Can you define the terms ‘enantiomer’ and ‘racemate’?

Are you also familiar with the electrophilic addition, sN1/sN2 and nucleophilic addition mechanisms?

You don’t have to draw them out. Briefly describe what happens in each and make it clear what intermediate forms (i.e carbanion, carbocation etc)
(edited 1 year ago)
Reply 2
Original post by TypicalNerd
Can you define the terms ‘enantiomer’ and ‘racemate’?

Are you also familiar with the electrophilic addition, sN1/sN2 and nucleophilic addition mechanisms?

You don’t have to draw them out. Briefly describe what happens in each and make it clear what intermediate forms (i.e carbanion, carbocation etc)

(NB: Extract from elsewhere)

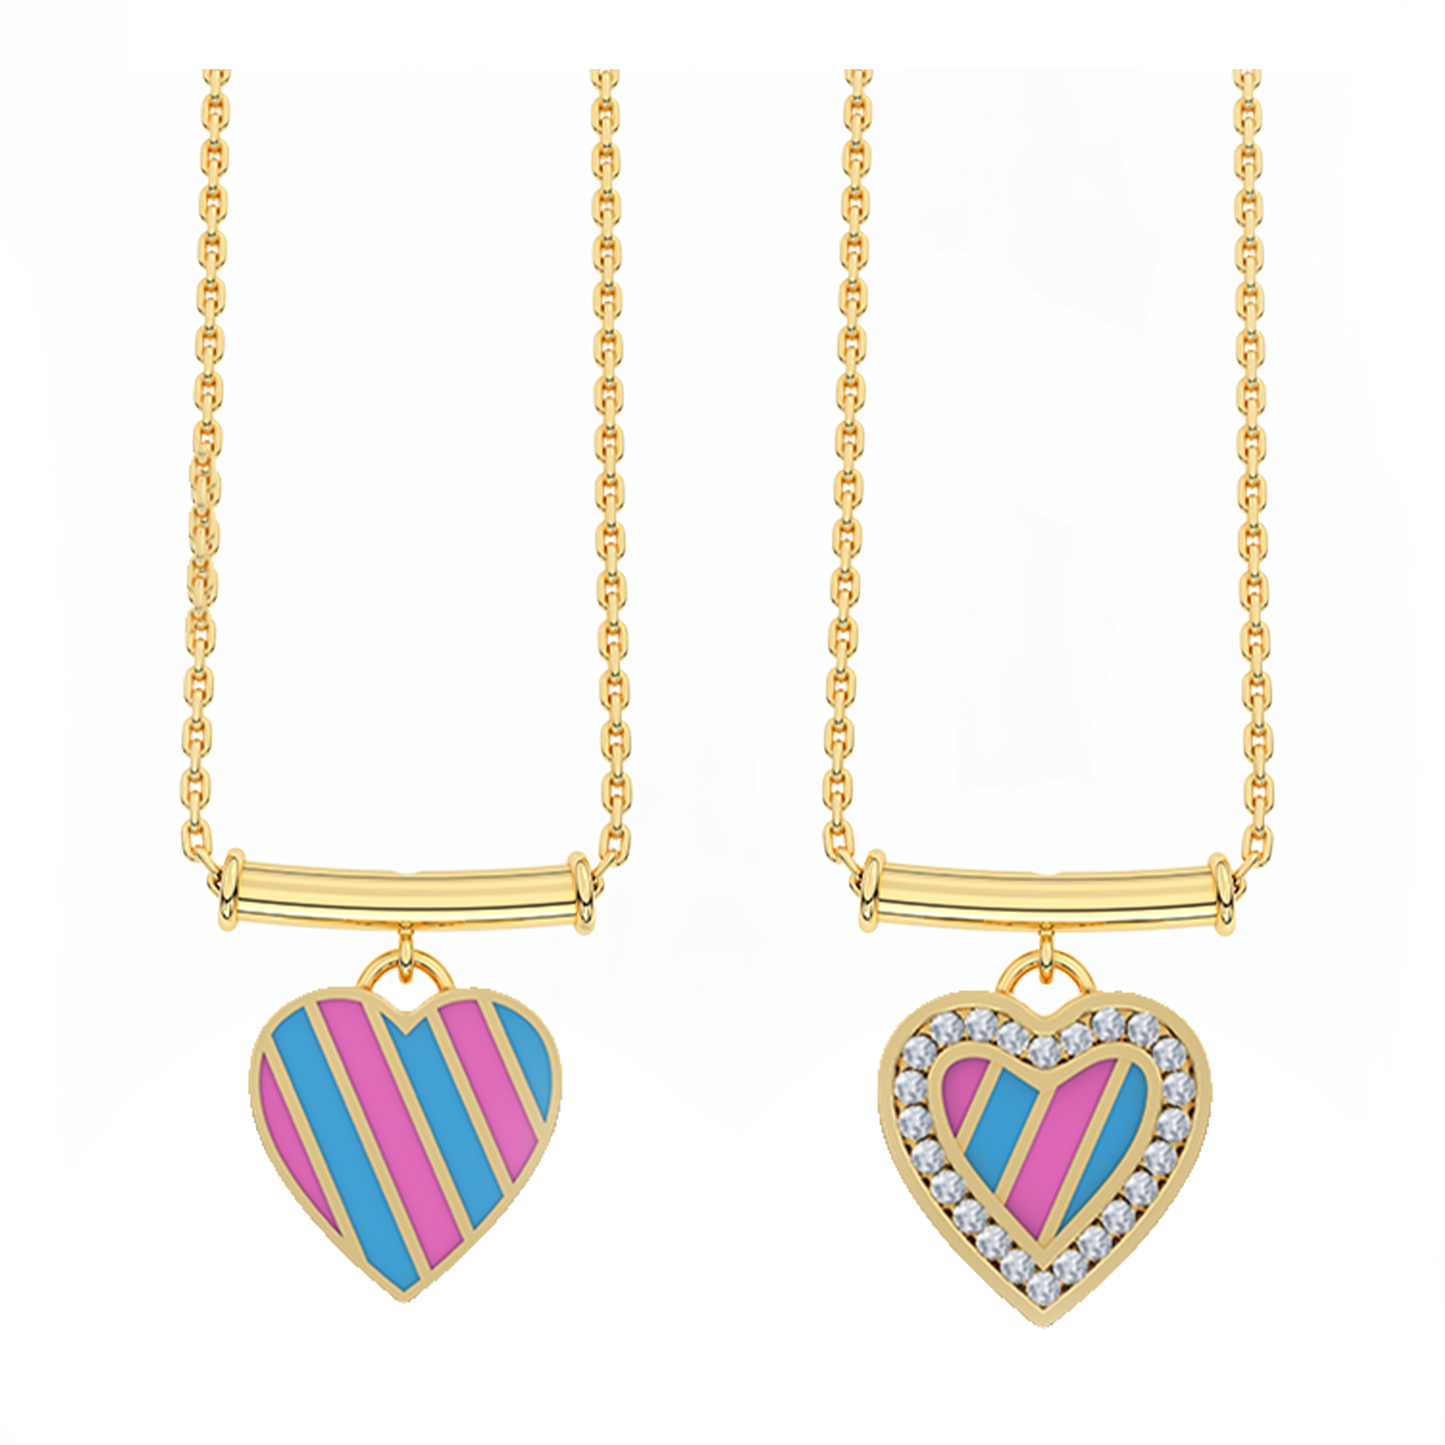 Candy Crush necklace

I can define those terms and ywah I'm familiar with the mechanisms. I didn't thibk to try with mechanisms, will do that and see what happens . thanks!!!
Original post by Ace.ms
I can define those terms and ywah I'm familiar with the mechanisms. I didn't thibk to try with mechanisms, will do that and see what happens . thanks!!!

Yeah, it certainly isn’t an obvious thing to think about. Once you have reached a conclusion, please do post it and I’ll give further prompts/assistance if/where needed.

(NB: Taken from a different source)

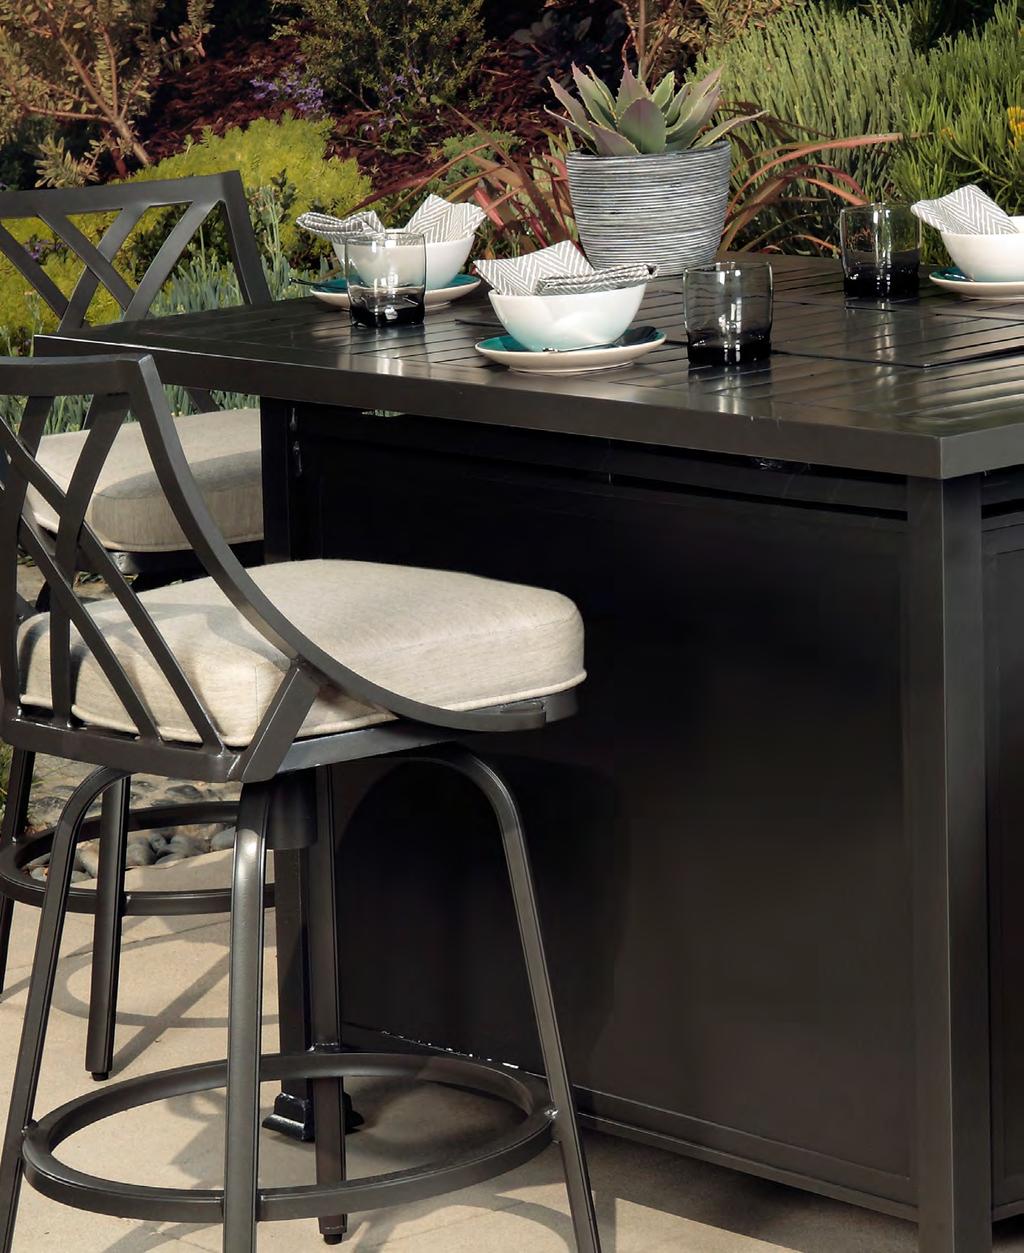 STOOLS Throw an outdoor party and dazzle your guests with Mallin barstools in your patio garden or poolside kitchen.

I don’t expect you to draw out the mechanisms (though it may be useful practice for you to do so).
Reply 4
Original post by TypicalNerd
Yeah, it certainly isn’t an obvious thing to think about. Once you have reached a conclusion, please do post it and I’ll give further prompts/assistance if/where needed.

I don’t expect you to draw out the mechanisms (though it may be useful practice for you to do so).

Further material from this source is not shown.